The house was hot and stuffy, and Larson was about to open all the doors and windows when he heard the sound of an approaching vehicle. He took a peek though a living room window and saw a late model GMC SUV roll to a stop at the closed but unlocked gate. A portly, older man got out of the passenger side of the Jimmy, opened the gate for the driver, and climbed back in. As the SUV drew near, Larson read the magnetic sign on the driver’s door that read:
TAMI PHELAN
YOUR HOMETEAM REALTOR
RATON, NM
Larson shook his head in disbelief at such shitty luck, picked up the 9mm Glock, and waited for his uninvited guests to arrive.
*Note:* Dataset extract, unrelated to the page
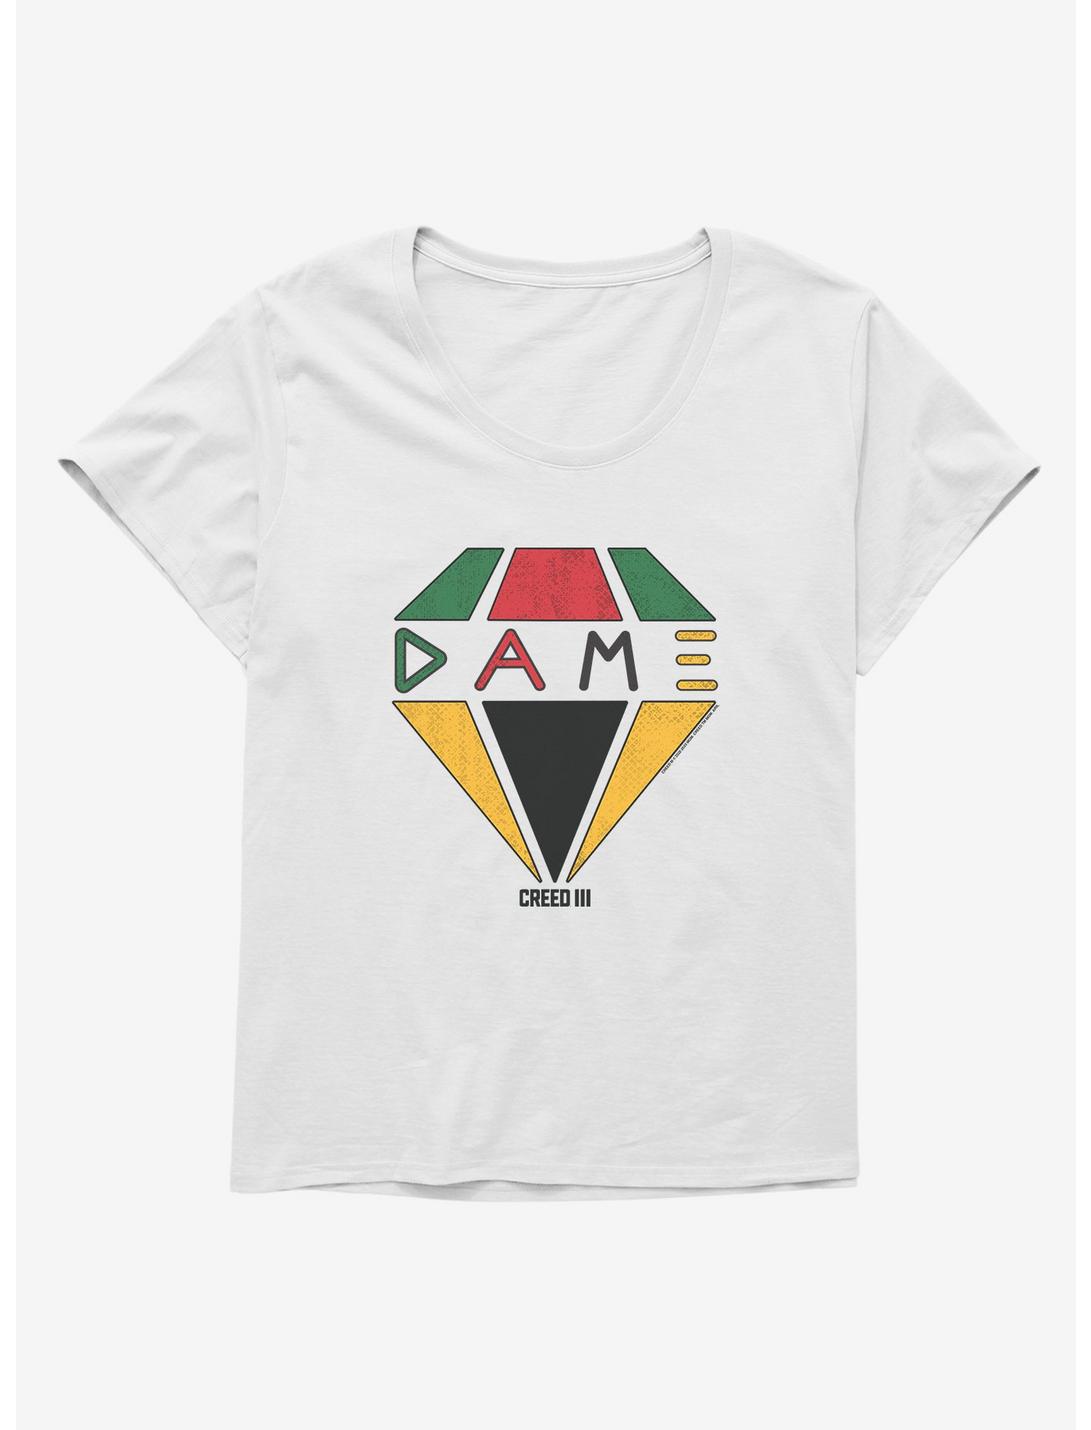 Creed III Dame Symbol Womens T-Shirt Plus Size, WHITE, hi-res
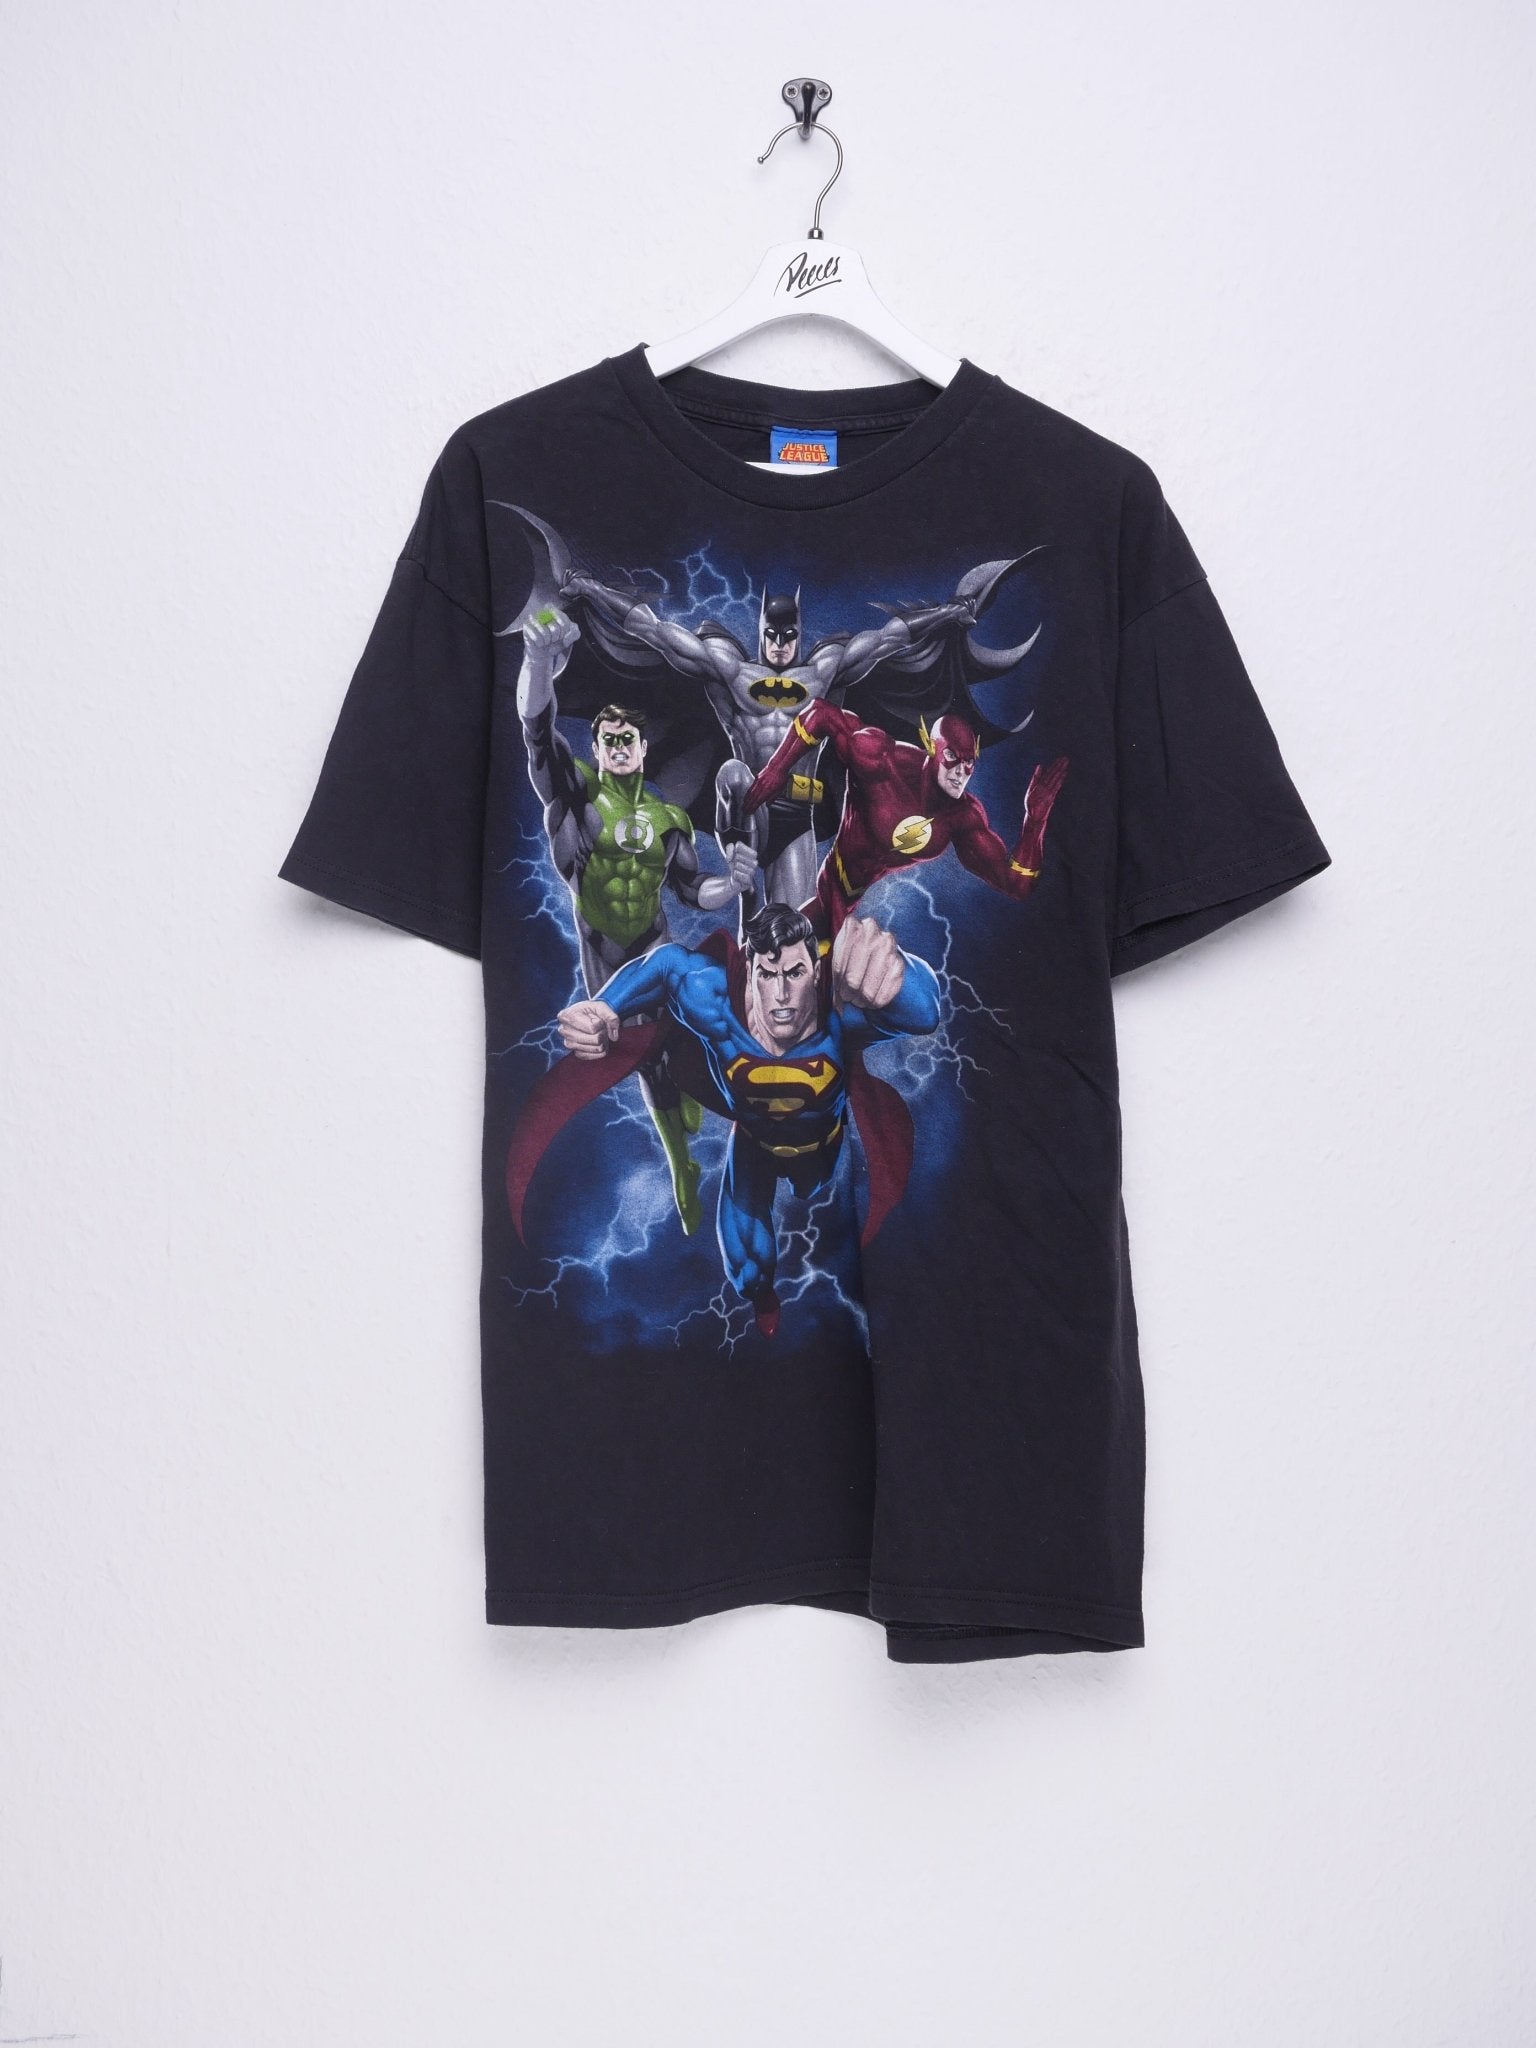 'Justice League' printed Graphic Vintage Shirt - Peeces

But when a leggy blonde in jeans with big hair and a stacked pair opened the driver’s-side door and climbed out, Larson grinned and changed his mind about his bad luck. He watched Blondie fast-talk the old dude as he climbed the porch steps and waited for her to unlock the front door. He was another porky like Bertie Roach, the man from Tulsa Larson had offed in the Albuquerque motel, and Lenny Hampson, the bigmouth friend of Kerry’s he’d left in the desert.
“The property is in excellent condition,” Blondie said as she swung the door open and moved aside for Porky to enter first. “There are thirty acres under irrigation. It would make an excellent horse ranch.”
Larson shot Porky in the chest as he stepped over the threshold. Grunting, the man crumpled to his knees and fell face forward. Before Blondie could react, Larson grabbed a handful of her big, curly hair and yanked her inside.